Effects of phorbol myristate acetate and sivelestat on the lung injury caused by fat embolism in isolated lungs

Abstract

Background: Fat embolism syndrome (FES) associated with acute lung injury (ALI) is a clinical condition following long bone fracture. We have reported 14 victims due to ALI with FES. Our laboratory has developed an animal model that produced fat emboli (FE). The major purpose of this study was to test whether neutrophil activation with phorbol myristate acetate (PMA) and inhibition with sivelestat (SVT) exert protection on the lung.

Methods: The lungs of Sprague-Dawley rats were isolated and perfused. FE was produced by addition of corn oil micelles into the lung perfusate. PMA and SVT were given simultaneously with FE. Parameters such as lung weight/body weight ratio, LW gain, exhaled nitric oxide (NO), protein concentration in bronchoalveolar lavage relating to ALI were measured. The neutrophil elastase (NE), myeloperoxidase, malondialdehyde and phopholipase A₂ activity were determined. We also measured the nitrate/nitrite, methyl guanidine (MG), and cytokines. Pulmonary arterial pressure and microvascular permeability were assessed. Lung pathology was examined and scored. The inducible and endothelial NO synthase (iNOS and eNOS) were detected.

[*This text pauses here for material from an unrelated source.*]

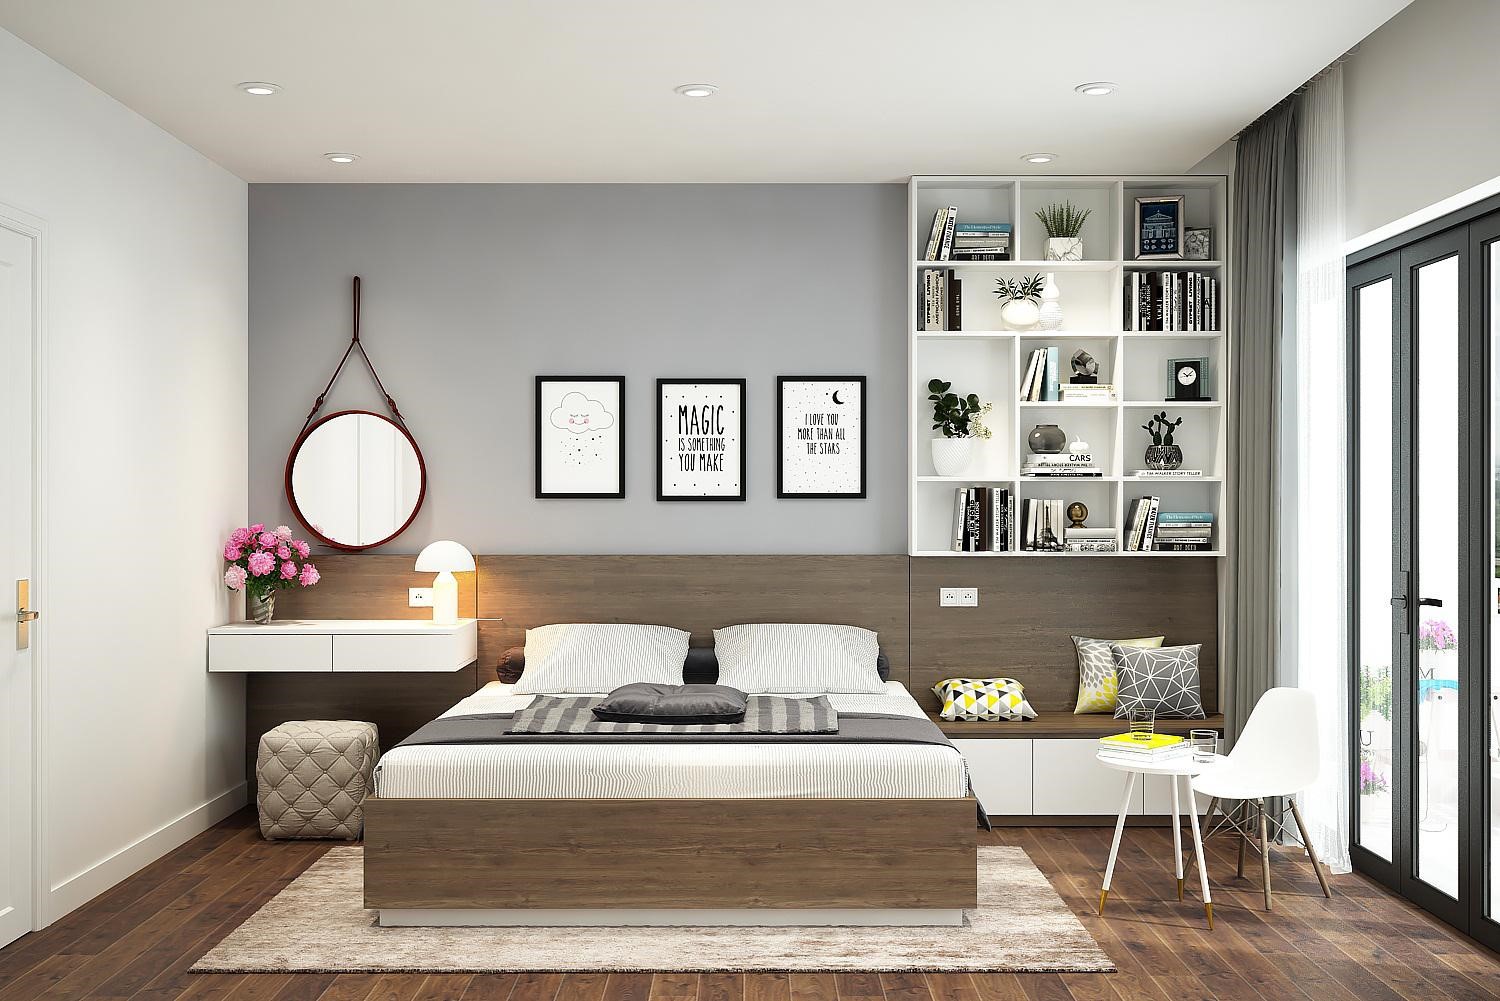 Liệt kê những màu sơn phù hợp cho phòng ngủ hiện đại của bạn

Results: FE caused ALI and increased biochemical factors. The challenge also resulted in pulmonary hypertension and increased microvascular permeability. The NE appeared to be the first to reach its peak at 1 hr, followed by other factors. Coadministration with PMA exacerbated the FE-induced changes, while SVT attenuated the effects of FE.

Conclusions: The FE-induced lung changes were enhanced by PMA, while SVT had the opposite effect. Sivelestat, a neutrophil inhibitor may be a therapeutic choice for patients with acute respiratory distress syndrome (ARDS) following fat embolism.

Figure 1

Lung weight/body weight (LW/BW) ratio (A), LW gain (LWG) (B), exhaled NO (C) and PCBAL (D) in isolated perfused lung following fat embolism (FE), FE + phorbol myristate acetate (PMA) and FE + sivelestat (SVT). *p < 0.05 vs. vehicle; ⁺p < 0.05 FE + PMA vs. FE; and ^§p < 0.05 FE + SVT vs. FE.

Figure 2

Increases in pulmonary arterial pressure (A) and microvascular permeability (B) in isolated lung caused by FE. Cotreatment with PMA enhanced the pulmonary hypertension and capillary filtration, while FE with SVT attenuated the changes in pulmonary arterial pressure and capillary permeability. *p < 0.05 vs. vehicle; ⁺p < 0.05 FE + PMA vs. FE; and ^§p < 0.05 FE + SVT vs. FE.

Figure 3

Histopathology of the lung tissue in vehicle (A), FE (B), FE + PMA (C) and FE + SVT (D) groups. FE caused severe alveolar edema and hemorrhage with inflammatory cell infiltration. Coadministration with PMA enhanced, but SVT diminished the lung pathology.

Figure 4

Time course of changes in neutrophil elastase (A), myeloperoxidase (B), malondialdehyde (C) and phospholipase A₂ (D) in lung perfusate of vehicle, FE, FE + PMA and FE + SVT groups. *p < 0.05 vs. vehicle; ⁺p < 0.05 FE + PMA vs. FE; and ^§p < 0.05 FE + SVT vs. FE.

Figure 5

Biochemical changes of nitrate/nitrite (A), methyl guanidine (B), tumor necrosis factor_α (C) and interleukin-1_β (D) in various groups. FE significantly elevated these biochemical factors. Cotreatment with PMA exacerbated these changes, while FE with SVT mitigated the changes in these mediators. *p < 0.05 vs. vehicle; ⁺p < 0.05 FE + PMA vs. FE; and ^§p < 0.05 FE + SVT vs. FE.

Figure 6

Expression of inducible NO synthase (iNOS) and endothelial NO synthase (eNOS) mRNA by reverse transcriptase chain reaction in various groups (A). The iNOS/GAPDH and eNOS/GAPDH ratios (B) were increased by FE (*p < 0.05). Coadministration with PMA increased the iNOS and eNOS expression (⁺p < 0.05), while SVT attenuated the mRNA expression of iNOS and eNOS (^§p < 0.05).